Convert the time column to a numeric index with optional polynomial terms.

Produces integer or normalized time step indices starting from the first observed timestamp, useful as trend features for reduction forecasters.

The base index at time step \(t\) is:

\[x(t) = \frac{t - t_0}{\Delta t}\]

where \(t_0\) is the first observed timestamp and \(\Delta t\) is the detected time interval. When normalize=True, the index is scaled by the number of fit steps:

\[\tilde{x}(t) = \frac{x(t)}{N - 1}\]

where \(N\) is n_steps_. Polynomial features of degree \(d\) are then \(\tilde{x}(t),\, \tilde{x}(t)^2,\, \ldots,\, \tilde{x}(t)^d\).

Parameters

Name Type Description Default
normalize bool

If True, scale the index to [0, 1] based on the number of steps in the fit data. Values can exceed this range for data beyond the fit range.

False
degree int

Polynomial degree. 1 produces a linear index only, 2 adds a quadratic term, and so on.

1

Attributes

Name Type Description
first_time_ datetime

First observed timestamp, used as reference for index computation.

n_steps_ int

Number of time steps in the fit data. Used as normalization denominator (n_steps_ - 1).

See Also

Examples

>>> import polars as pl
>>> from datetime import datetime
>>> time = pl.datetime_range(
...     start=datetime(2020, 1, 1), end=datetime(2020, 1, 11), interval="1d", eager=True
... )
>>> X = pl.DataFrame({"time": time, "value": range(len(time))})
>>> transformer = TimeIndexTransformer(degree=2)
>>> transformer.fit(X)
TimeIndexTransformer(degree=2)
>>> X_t = transformer.transform(X)
>>> X_t["time_index"][0]
0
>>> "time_index_2" in X_t.columns
True

Source Code

Show/Hide source
class TimeIndexTransformer(BaseTransformer):
    r"""Convert the time column to a numeric index with optional polynomial terms.
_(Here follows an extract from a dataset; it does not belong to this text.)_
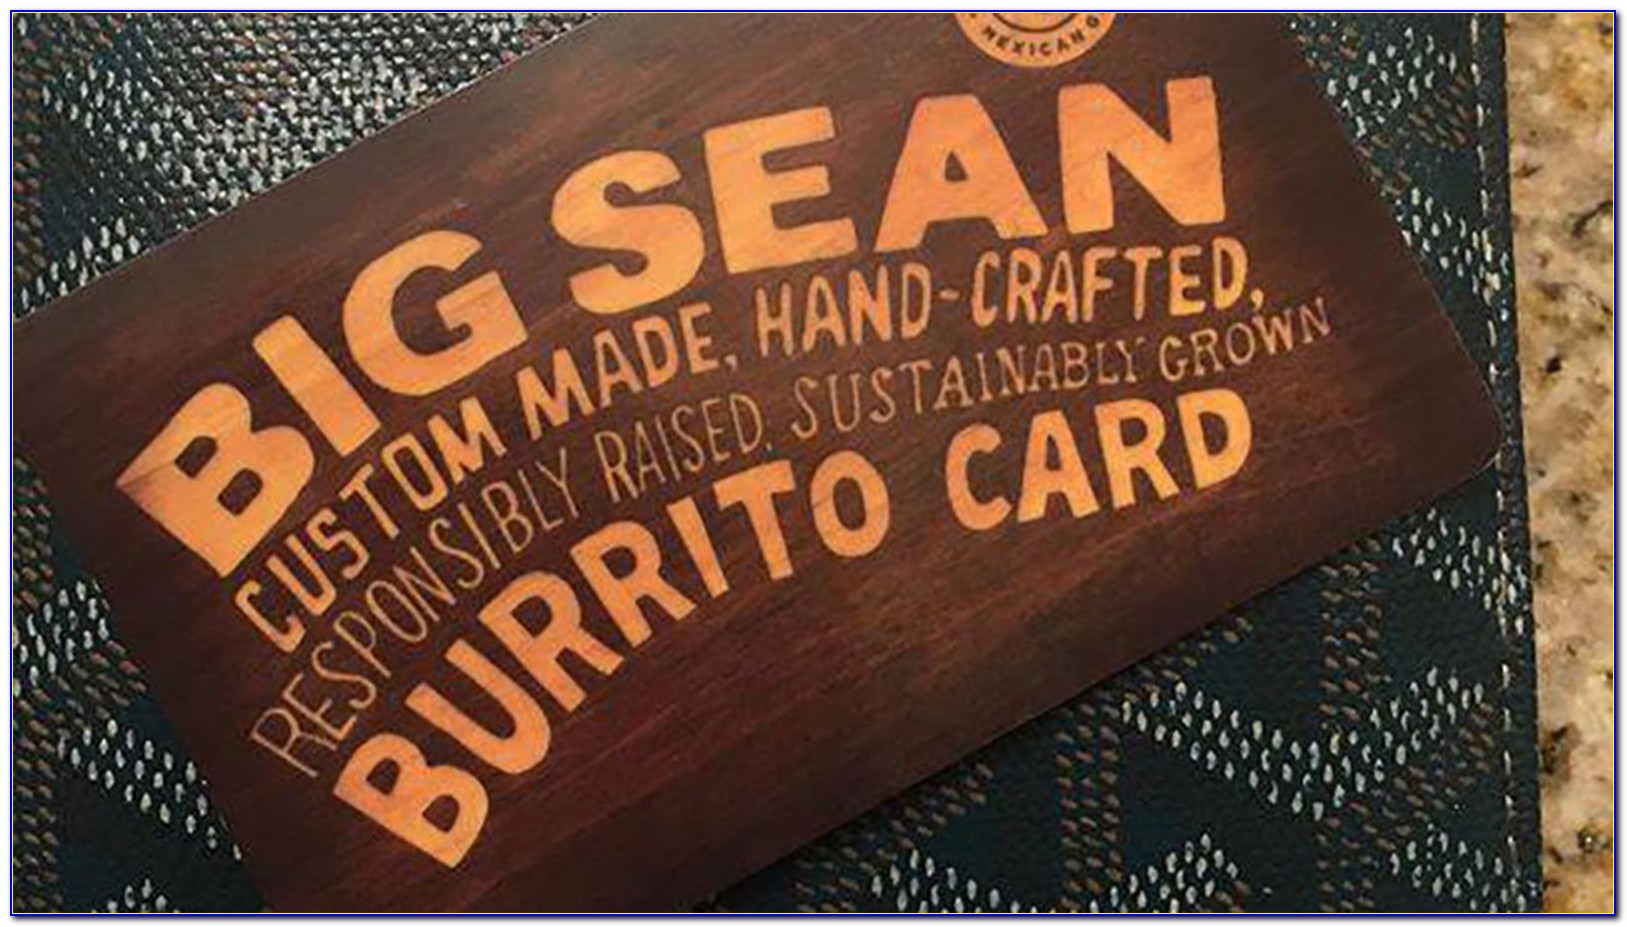 Celebrity Free Chipotle Card
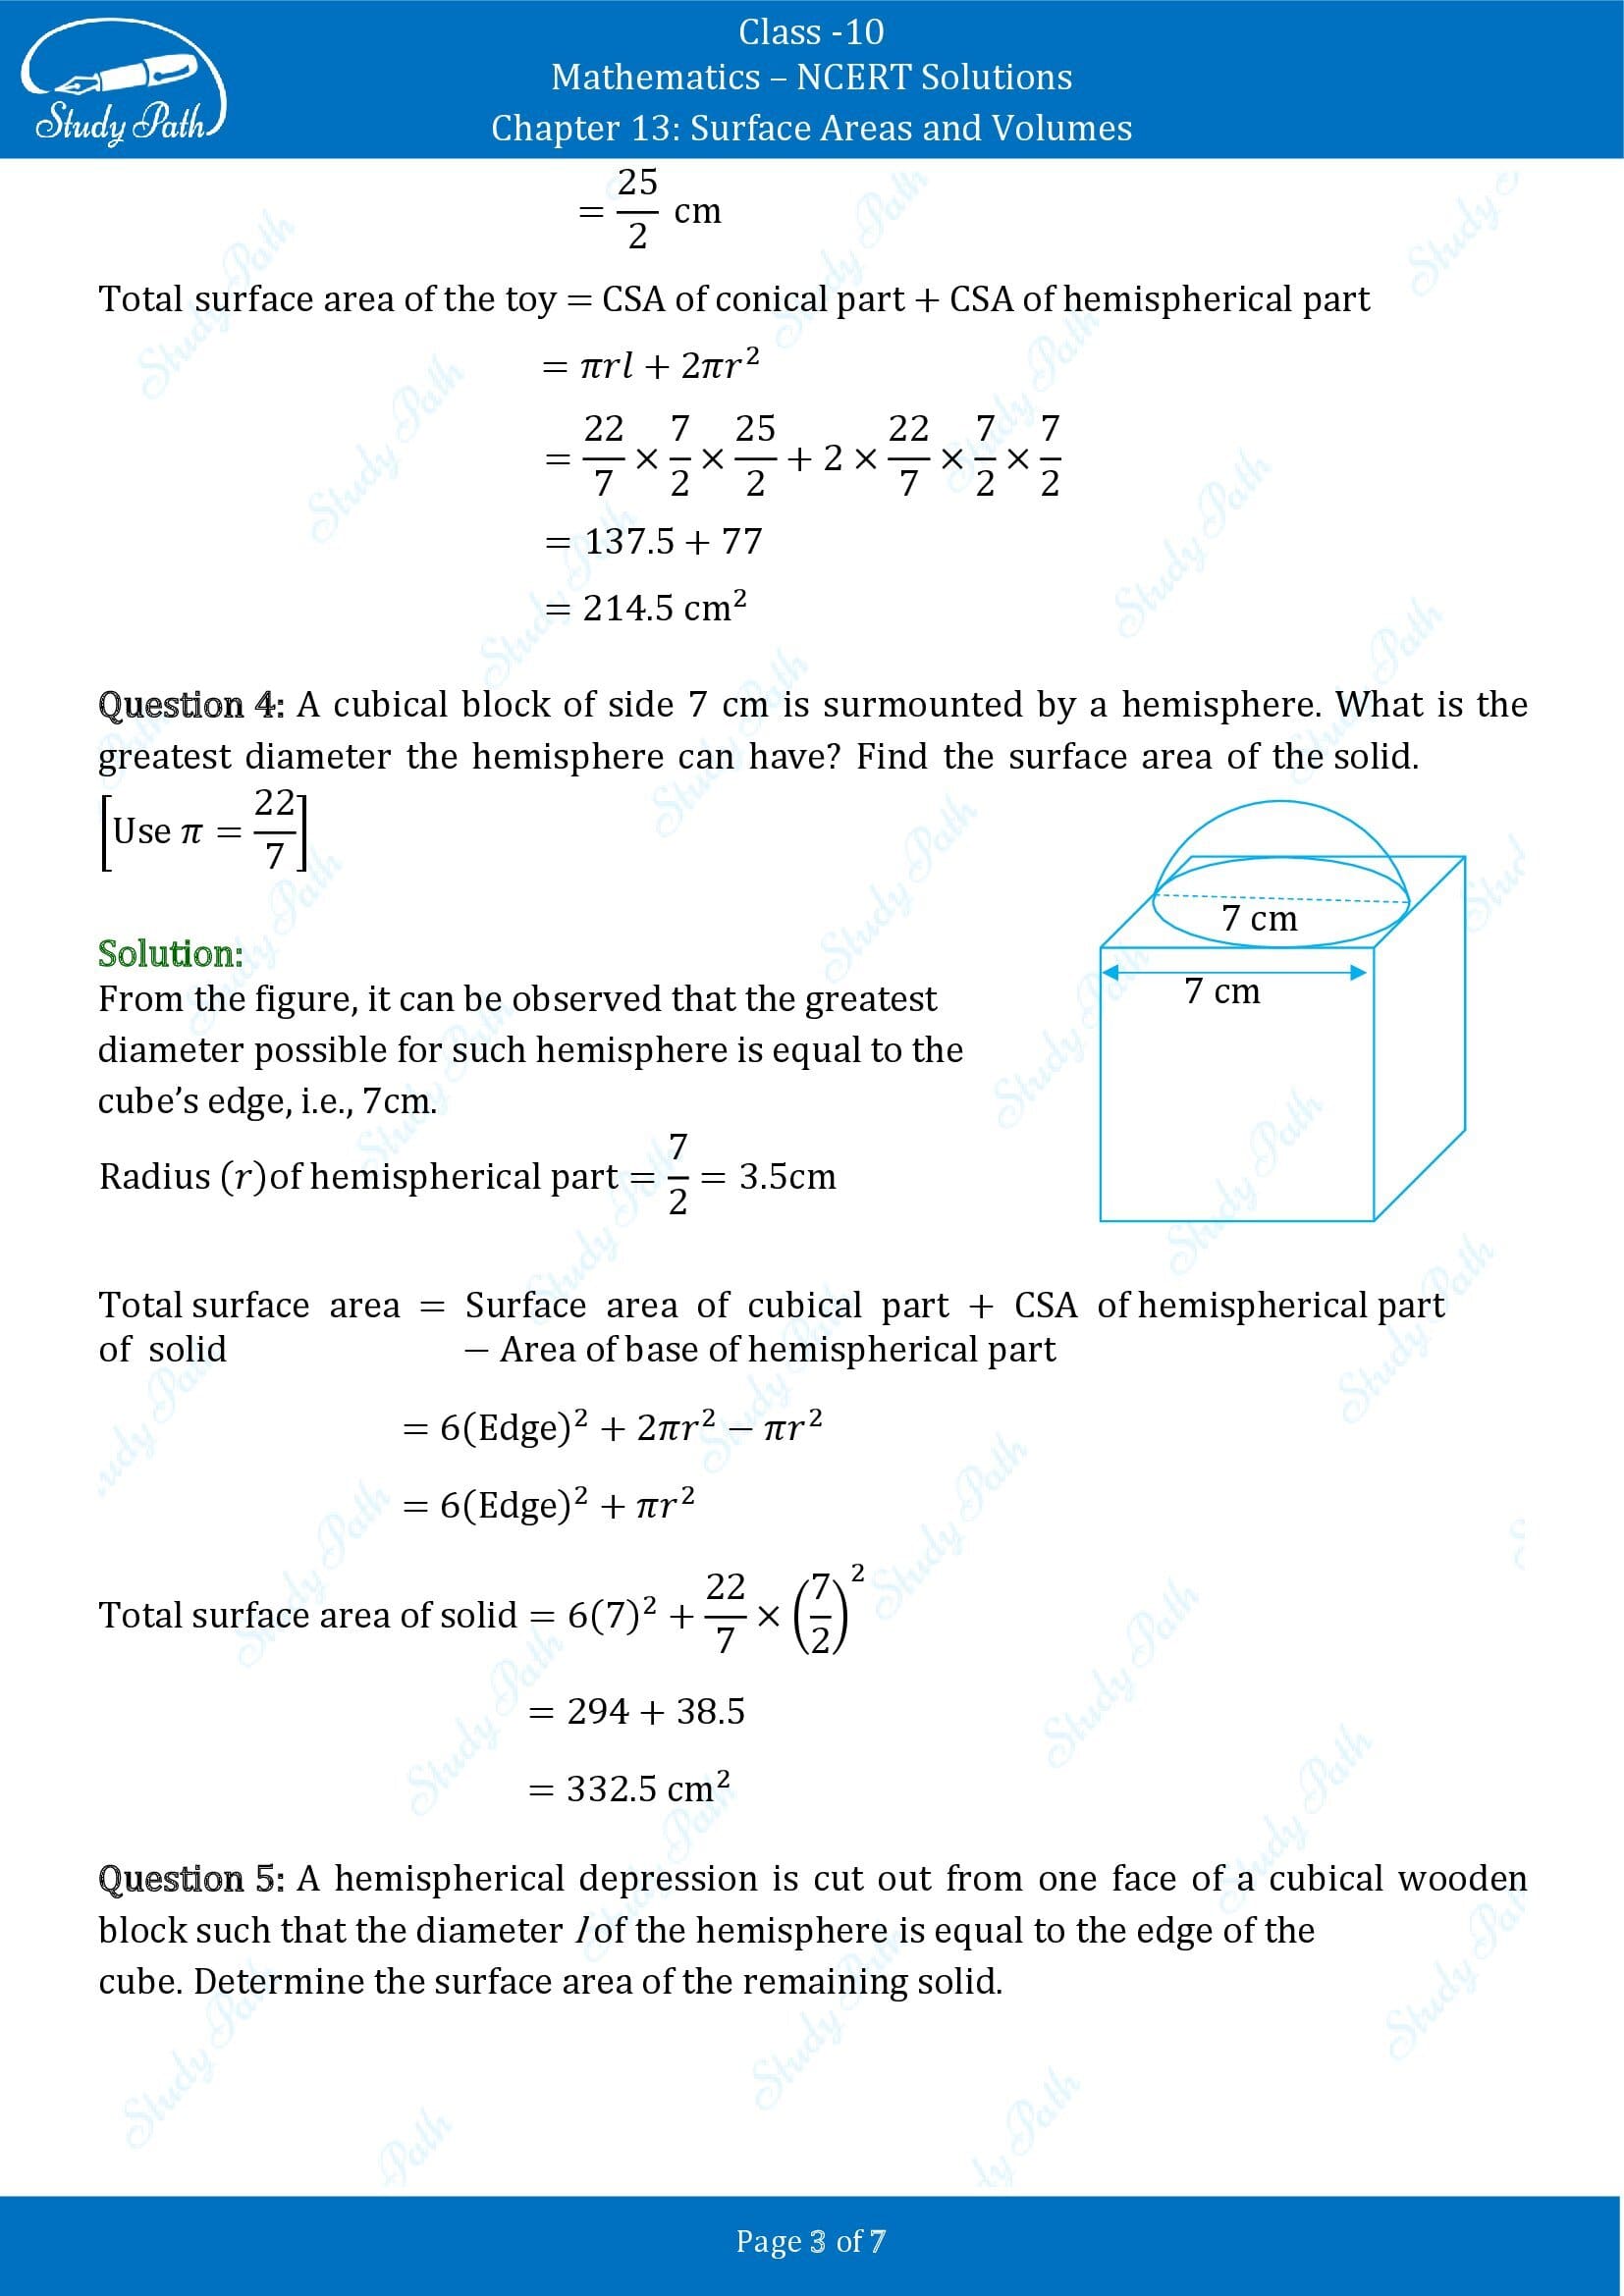 NCERT Solutions for Class 10 Maths Chapter 13 Surface Areas and Volumes Exercise 13.1 00003

    Produces integer or normalized time step indices starting from the
    first observed timestamp, useful as trend features for reduction
    forecasters.

    The base index at time step $t$ is:

    $$x(t) = \frac{t - t_0}{\Delta t}$$

    where $t_0$ is the first observed timestamp and $\Delta t$ is the
    detected time interval. When ``normalize=True``, the index is
    scaled by the number of fit steps:

    $$\tilde{x}(t) = \frac{x(t)}{N - 1}$$

    where $N$ is ``n_steps_``. Polynomial features of degree $d$ are
    then $\tilde{x}(t),\, \tilde{x}(t)^2,\, \ldots,\, \tilde{x}(t)^d$.

    Parameters
    ----------
    normalize : bool, default=False
        If ``True``, scale the index to ``[0, 1]`` based on the number
        of steps in the fit data. Values can exceed this range for
        data beyond the fit range.
    degree : int, default=1
        Polynomial degree. ``1`` produces a linear index only, ``2``
        adds a quadratic term, and so on.

    Attributes
    ----------
    first_time_ : datetime
        First observed timestamp, used as reference for index
        computation.
    n_steps_ : int
        Number of time steps in the fit data. Used as normalization
        denominator (``n_steps_ - 1``).

    See Also
    --------
    - [`CalendarFeatureTransformer`][yohou.preprocessing.calendar.CalendarFeatureTransformer] : Calendar features (month, day of week, etc.).
    - [`FourierFeatureTransformer`][yohou.preprocessing.time_features.FourierFeatureTransformer] : Sin/cos harmonics for cyclical encoding.
    - [`PolynomialTrendForecaster`][yohou.stationarity.trend.PolynomialTrendForecaster] : Forecaster-level polynomial trend estimation.

    Examples
    --------
    >>> import polars as pl
    >>> from datetime import datetime
    >>> time = pl.datetime_range(
    ...     start=datetime(2020, 1, 1), end=datetime(2020, 1, 11), interval="1d", eager=True
    ... )
    >>> X = pl.DataFrame({"time": time, "value": range(len(time))})
    >>> transformer = TimeIndexTransformer(degree=2)
    >>> transformer.fit(X)
    TimeIndexTransformer(degree=2)
    >>> X_t = transformer.transform(X)
    >>> X_t["time_index"][0]
    0
    >>> "time_index_2" in X_t.columns
    True

    """

    _parameter_constraints: dict = {
        "normalize": ["boolean"],
        "degree": [Interval(numbers.Integral, 1, None, closed="left")],
    }

    _PREFIX = "time_index"

    def __init__(
        self,
        normalize: bool = False,
        degree: StrictInt = 1,
    ):
        self.normalize = normalize
        self.degree = degree

    def _fit(self, X: pl.DataFrame, y: pl.DataFrame | None = None) -> None:
        """Fit the internal model."""
        self.first_time_ = X["time"][0]
        self.n_steps_ = len(X)

        generated_names = []
        for d in range(1, self.degree + 1):
            col_name = self._PREFIX if d == 1 else f"{self._PREFIX}_{d}"
            generated_names.append(col_name)
        existing = set(X.columns) - {"time"}
        conflicts = set(generated_names) & existing
        if conflicts:
            raise ValueError(f"Generated column names {sorted(conflicts)} conflict with existing columns in X.")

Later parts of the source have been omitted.